Informations (please complete the following information):

Inference engine for deployment: Windows 10
Why convert to onnx：For using on Unity
Paddle2ONNX Version: model zoo branch
Email/Wechat/Phone: jaehwlee@gmail.com

Screenshots paddle_portrait_224_398

Additional context

jiangjiajun commented 2 years ago

Try to use this tool https://github.com/jiangjiajun/PaddleUtils/tree/main/onnx

python onnx_infer_shape.py --input model.onnx --output new_model.onnx

jaehwlee commented 2 years ago

It works! Thank you so much.

dganzella commented 1 year ago

@jaehwlee do you happen to have the working converted model around? I can't seem to get the same results. Even after runnign the script I get this error:

jaehwlee commented 1 year ago

@dganzella I'm sorry for the late reply. Did you use Barracuda for your inference engine? If you use Barracuda, there are layers that are not implemented, so you may need to modify the model at the code level.

I avoided errors like this by using NatML as an inference engine. Personally, I had a lot of advantages over Barracuda, so I recommend you try this

girish-d commented 1 year ago

@jaehwlee I'm also trying to do get the PP_HumanSeg model (ppseg_lite_portrait_398x224_with_softmax.onnx) into Unity.

But I can't seem to convert the dynamic input shape to static using onnxsim (I used "--overwrite-input-shape "x:1,3,224,398"). It fails with "[ShapeInferenceError] Inferred shape and existing shape differ in dimension 0: (1) vs (-1)"

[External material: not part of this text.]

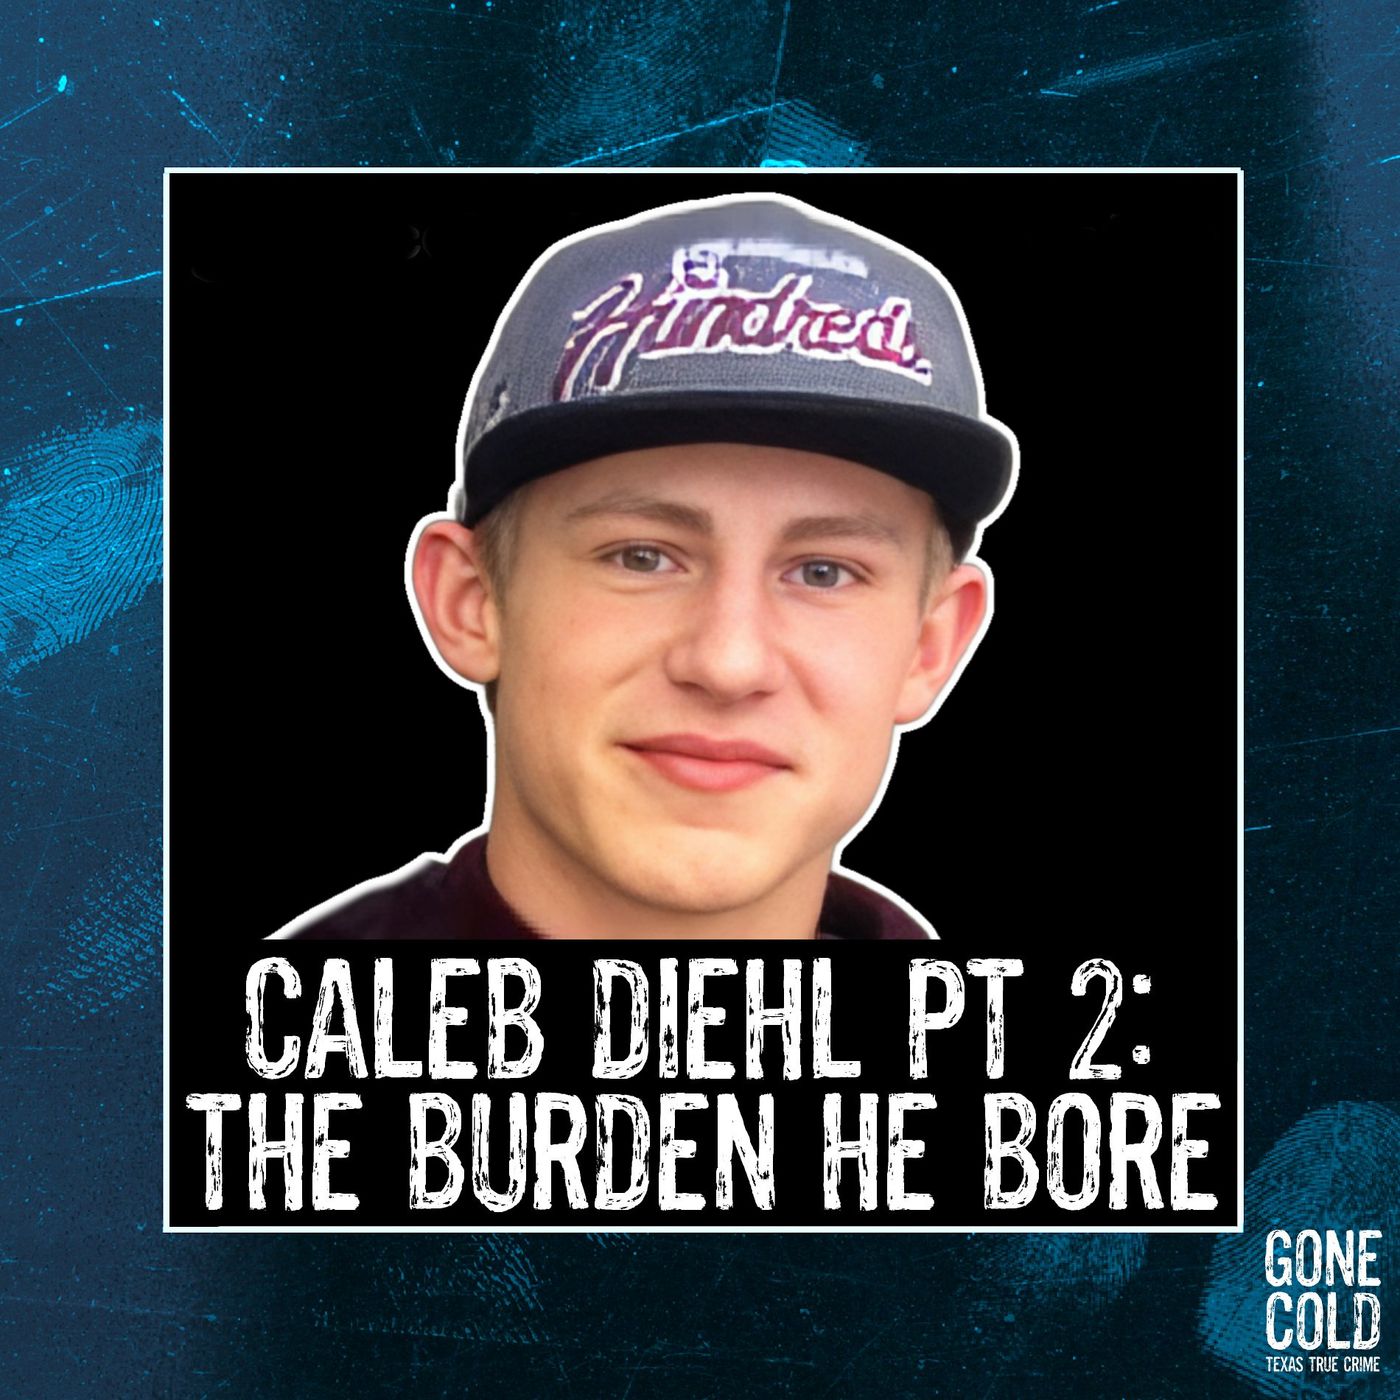 Caleb Diehl Part 2: The Burden He Bore

Would it be possible for you to list the exact steps you followed to get the "ppseg_lite_portrait_398x224_with_softmax.onnx" into Unity? I'm okay with using NatML or Barracuda.

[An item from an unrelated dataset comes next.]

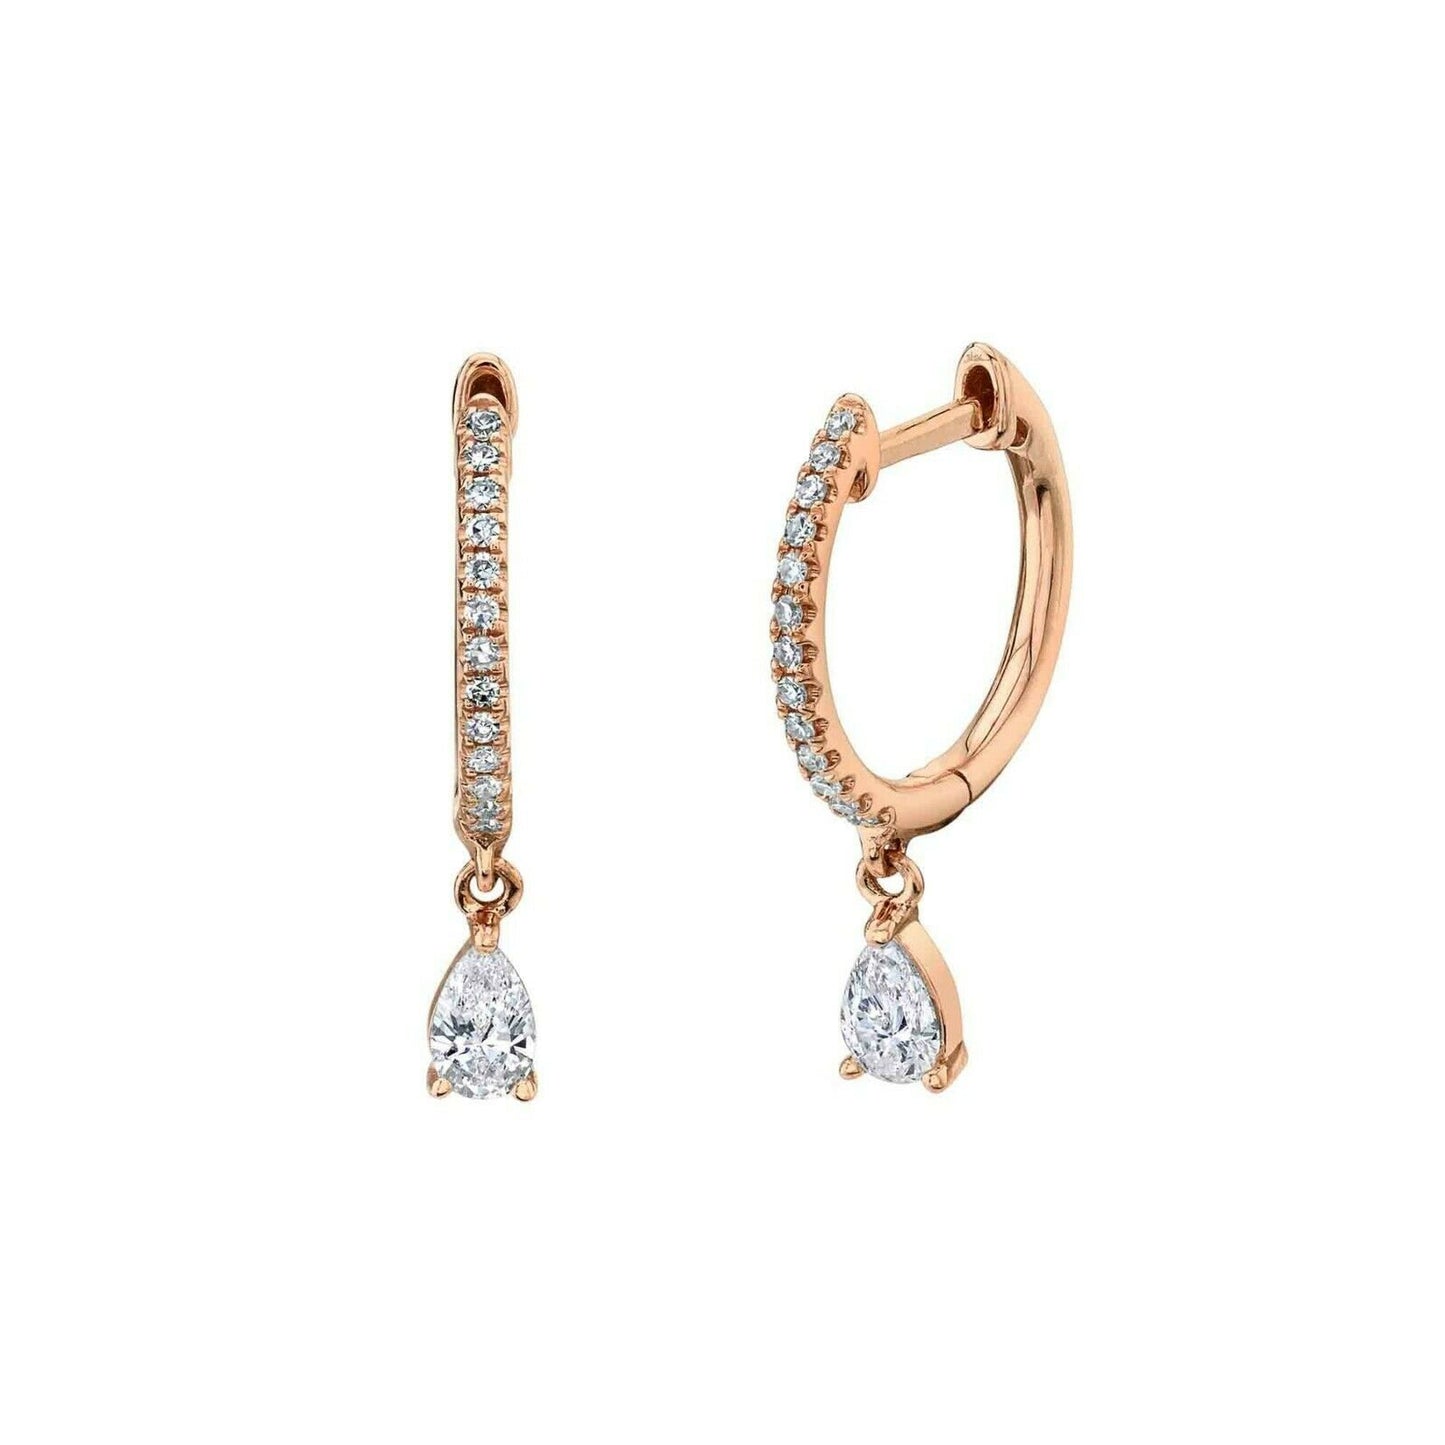 14K Gold 0.33CT Pear Cut Diamond Drop Earrings Huggie Dangle

jaehwlee commented 1 year ago

@girish-d Hi. I'm sorry,I can't remember because it's been a while since I imported that model. But what is certain is that I changed it to static input through the tool below, and I was able to import the model through NatML right away.

PaddleUtils: https://github.com/jiangjiajun/PaddleUtils/tree/main/onnx NatML: https://github.com/natmlx/natml-unity

If you don't care about license about image matting model, try NatML's RVM model. It has a state of the art performance and easy to use. natml-rvm: https://github.com/natmlx/robust-video-matting-unity

girish-d commented 1 year ago

Thanks for the inputs @jaehwlee. I had a look at the RVM model earlier but GPL3 will not be usable for me, unfortunately.

I did manage to convert to static inputs using ONNXRuntime though: https://onnxruntime.ai/docs/tutorials/mobile/helpers/make-dynamic-shape-fixed.html

jaehwlee commented 1 year ago

@girish-d Oh I see. That's why I implemented and trained RVM myself.

Then have you used Google's mediapipe? It's been updated again, so the performance keeps improving. Also, I would like to recommend this the most because it is the fastest and there is no license issue. NatML support it, but recently mediapipe was updated. So I recommend you to download mediapipe model directly, and import it with NatML.

NatML mediapipe: https://github.com/natmlx/meet-unity mediapipe image matting: https://developers.google.com/mediapipe/solutions/vision/image_segmenter

girish-d commented 1 year ago

@jaehwlee Thanks for the links. Yes, I have used the Selfie Segmentation model from Mediapipe, but I found the hand tracking to be much better with the PP_HumanSeg model.